The men’s and women’s teams both placed eighth out of eight teams, with Australia and the United States (US) bagging gold medals in the men’s and women’s divisions respectively.
The South African team have a lot to celebrate, however, according to MacLeod.
“It’s always tough coming from a South African standpoint. We are not professionals, we are students who take out of our own time, and we are not funded at all. All the other teams are professionals who are on a completely different level,” she explained.
In addition, most of the international water-polo championships take place in June or July, which is South Africa’s off-season.
While the results don’t immediately reflect it, there have been improvements in the teamʼs performance, MacLeod said.
“We try and train in our off-season but usually it’s very difficult to stay fit. We go in there and get pummelled. But this time we could keep up with [the other teams]. It was hardly ever them beating us on pure fitness, which was really cool.”
It was also a great experience for the players to compete against Kazakhstan and New Zealand, who are on a similar level to the South Africans.
“Usually when you go to the big tournaments you would play the US, Hungary and Australia, and they are just going to pummel you the whole time,” she added.
The other benefit of the Intercontinental Cup is the practice it afforded the South Africans.
“This was also like a warm-up for the World Championships which we don’t usually have,” said MacLeod, adding that they gained valuable experience and skills to bring back home.
“This year we competed a lot more than we have in the past. It doesn’t show that in the results, but as a water-polo player, you know if you’re watching the games that it is all getting better.
“We went in, both teams, a lot fitter than we have been in the past because we came from our local nationals and we were the fittest we should be. Going in there, it showed.”

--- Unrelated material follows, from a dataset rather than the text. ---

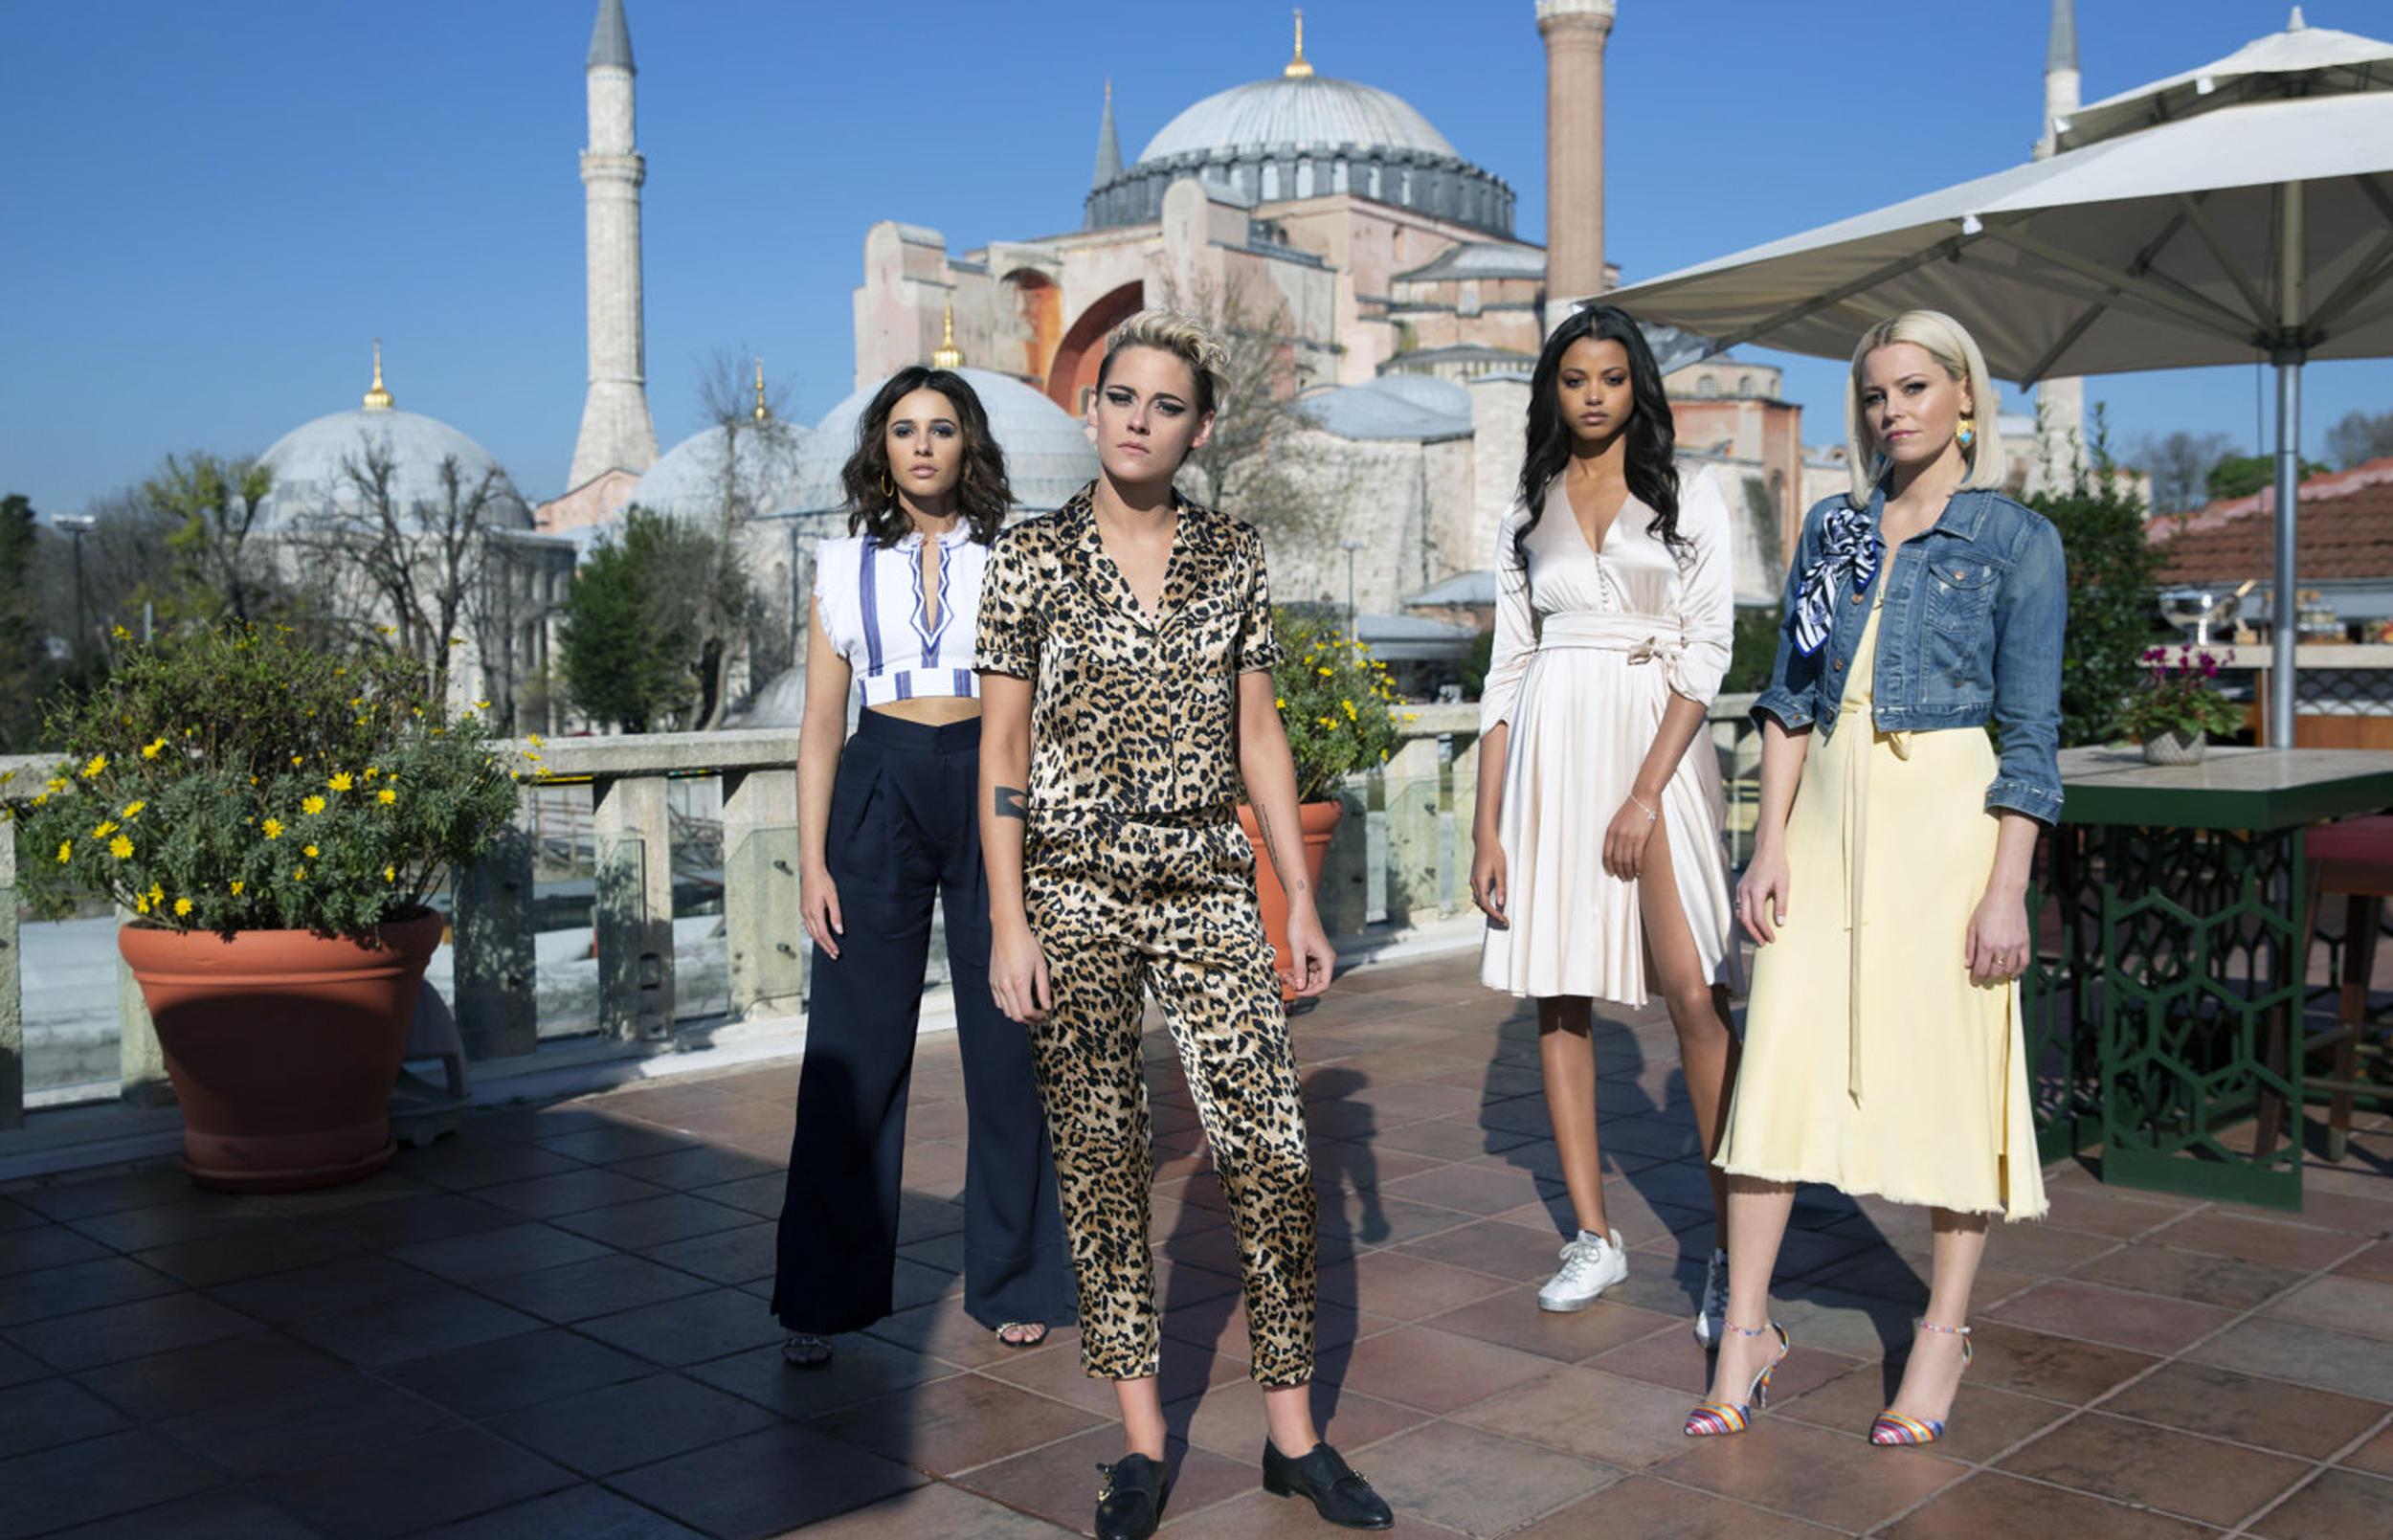 Naomi Scott, Kristen Stewart, Ella Balinska and Elizabeth Banks star in the upcoming Charlie's Angels Reboot

“It doesn’t show that in the results, but as a water-polo player, you know if you’re watching the games that it is all getting better.”

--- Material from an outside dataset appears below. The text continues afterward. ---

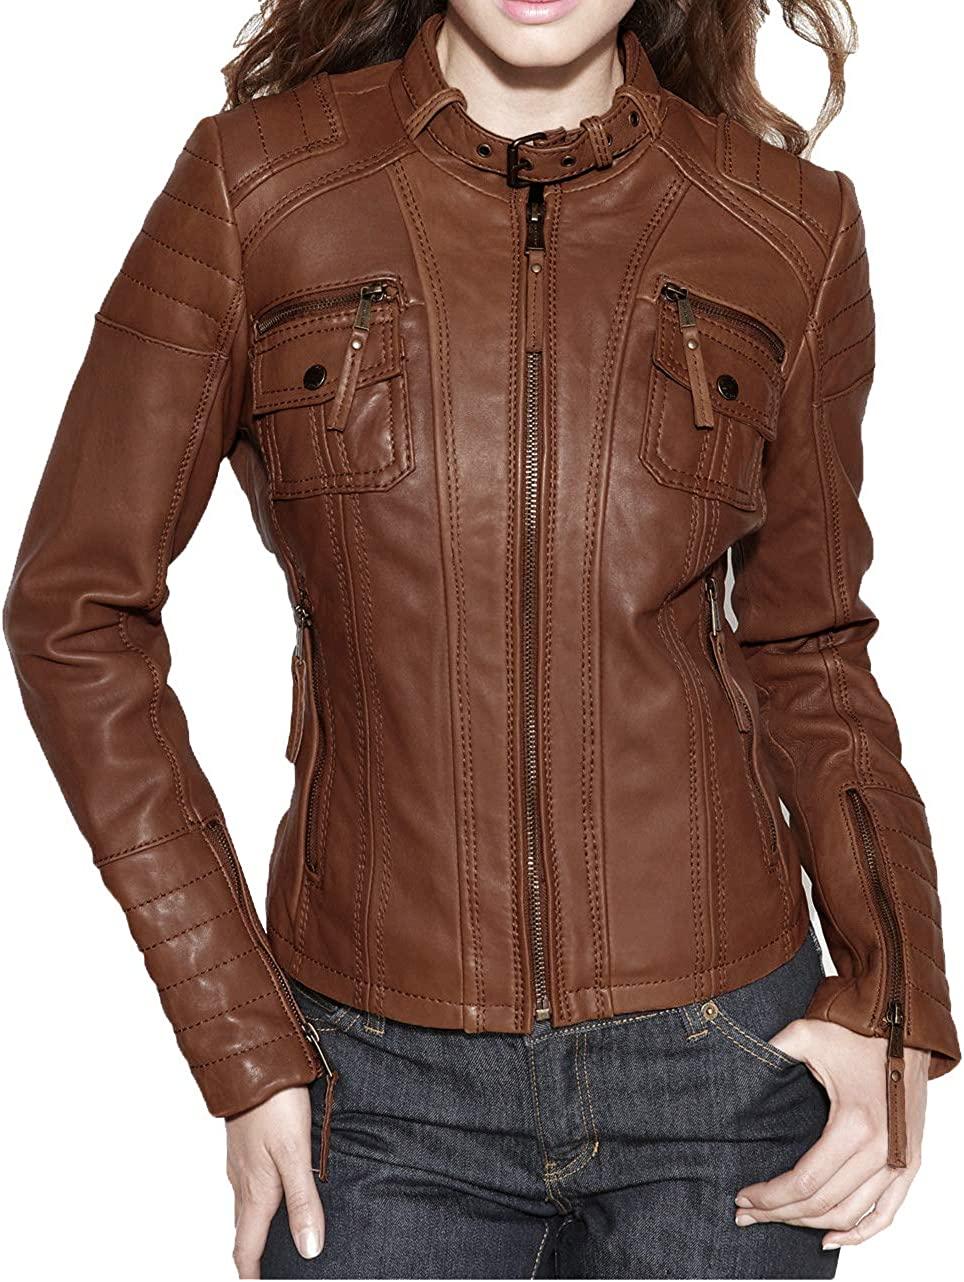 Benjer Skins Women's Leather Jacket Stylish Motorcycle Biker Genuine Lambskin 61

MacLeod said it was an amazing experience for them to represent South Africa.
“I always enjoy these events. I feel so privileged to be selected and able to represent … with people who I have watched play my whole life. Now I get to play with them.”
MacLeod believes that with the proper funding, things would be very different for the South African teams.

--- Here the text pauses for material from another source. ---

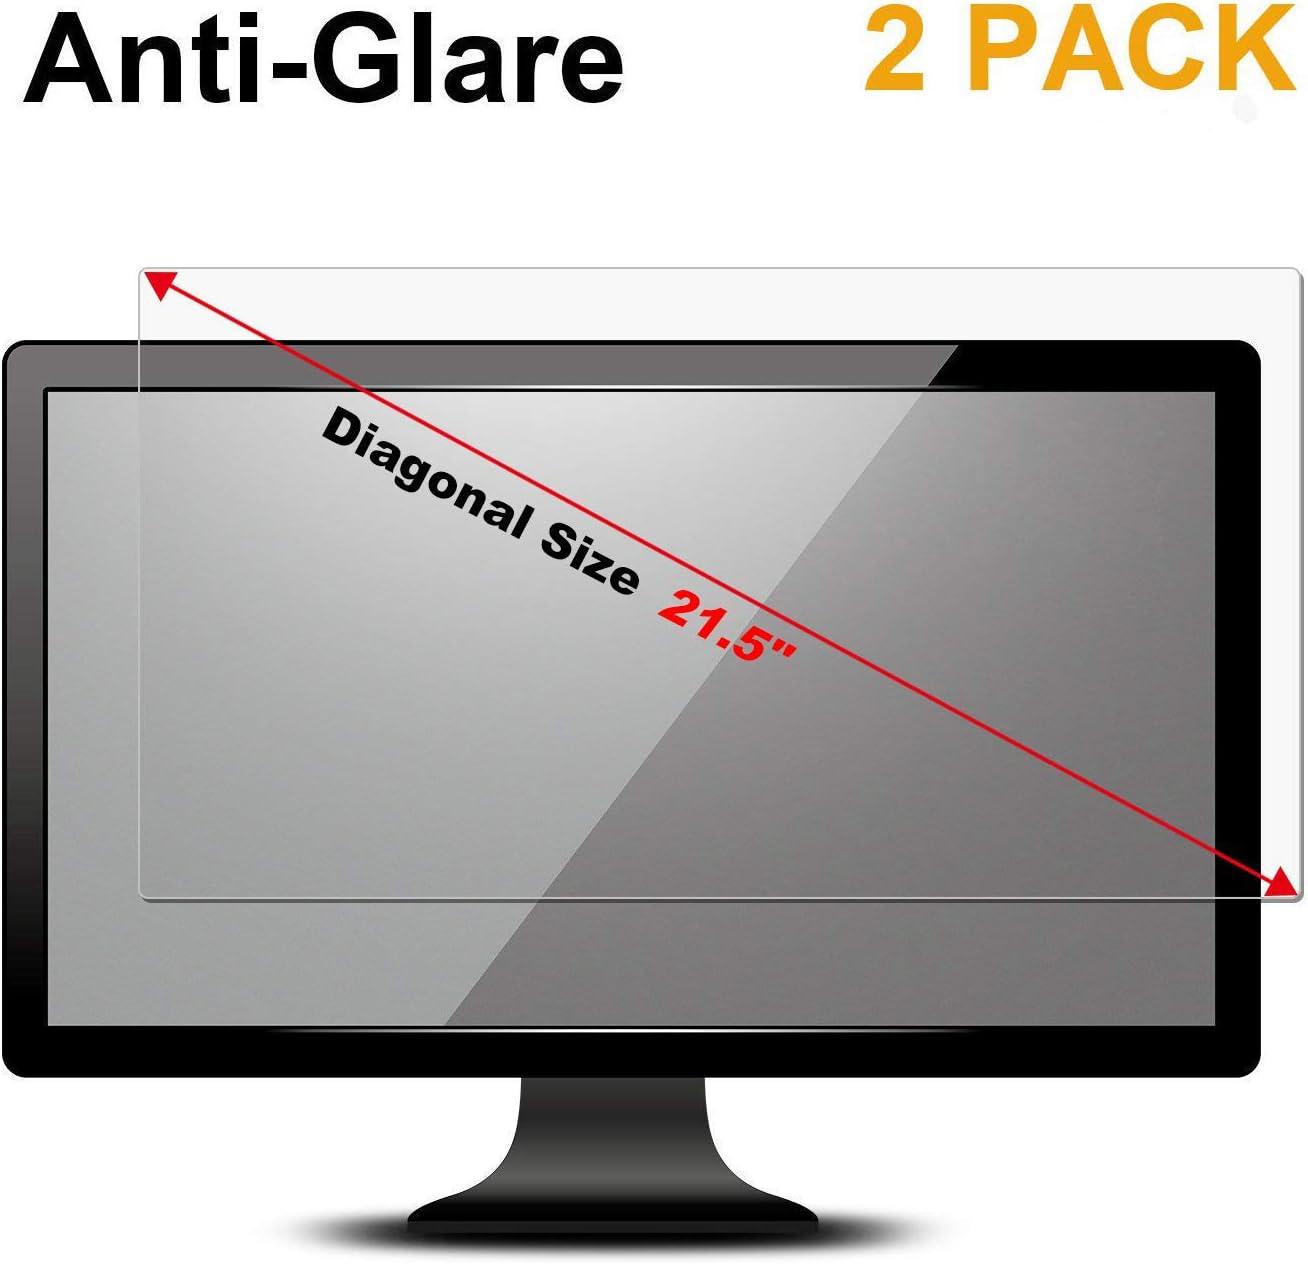 Protector de pantalla Anti Glare 21.5 pulgadas 16:9

“We have improved dramatically; we are starting from a much earlier age than we used to.
“If we had funding and time, and if I could play water polo and only come to two courses a day, trust me, I would. I can’t make a career out of the sport so I have to study, and that’s always going to have to come first.”
Friendly South Africans
The team definitely felt the love at the event too.
“We felt a warm welcome from Australia. There were quite a number of people who also randomly came to watch us, because they were from South Africa or because we knew them,” said MacLeod.
South Africa, she said, is generally considered one of the friendliest water-polo teams. Teams from other countries are always “super serious” when they warm up.
“But we have music going, we are always jumping around and laughing and we always greet people. We are known for being a more approachable team, so people tend to support us at the end.
“We are known for being a more approachable team, so people tend to support us at the end.”
“When we were in Russia last year we actually had people go out and buy flags so that they could sit in the stands supporting us.”
MacLeod, who is originally from Johannesburg, started playing water polo at age 11 on the advice of her cousins.
“At that stage there was no junior [team] and my primary school didn’t even have a pool. I played [for a] club and just got thrown in the deep end.”
By the time she reached grade 7, MacLeod was playing at high school, first-team level. She quickly went on to represent Gauteng and then South Africa in the national under-18 team.
“When I was in matric we had a tri-nations tournament against Australia and Zimbabwe. That was interesting; I think that was one of the worst tournaments I have ever played in my life. But I pushed through and then started playing for UCT and I absolutely loved it.”
UCT water polo, she said, is a combination of competition and fun.
“All my mates are there, we go and we play, and everyone’s on the same page. We all know studies come first but that’s okay. We work hard and play for each other.”
MacLeod’s priorities lie with her studies, but after graduation she plans to continue playing water polo as much as possible.
“There’s a big club set-up in Cape Town, and I can also play for UCT at club level. I think I will always play, and I’m heavily involved in coaching too.”
The FINA World Championships will be held in July this year in South Korea, where 16 teams will compete for the title of World Champions.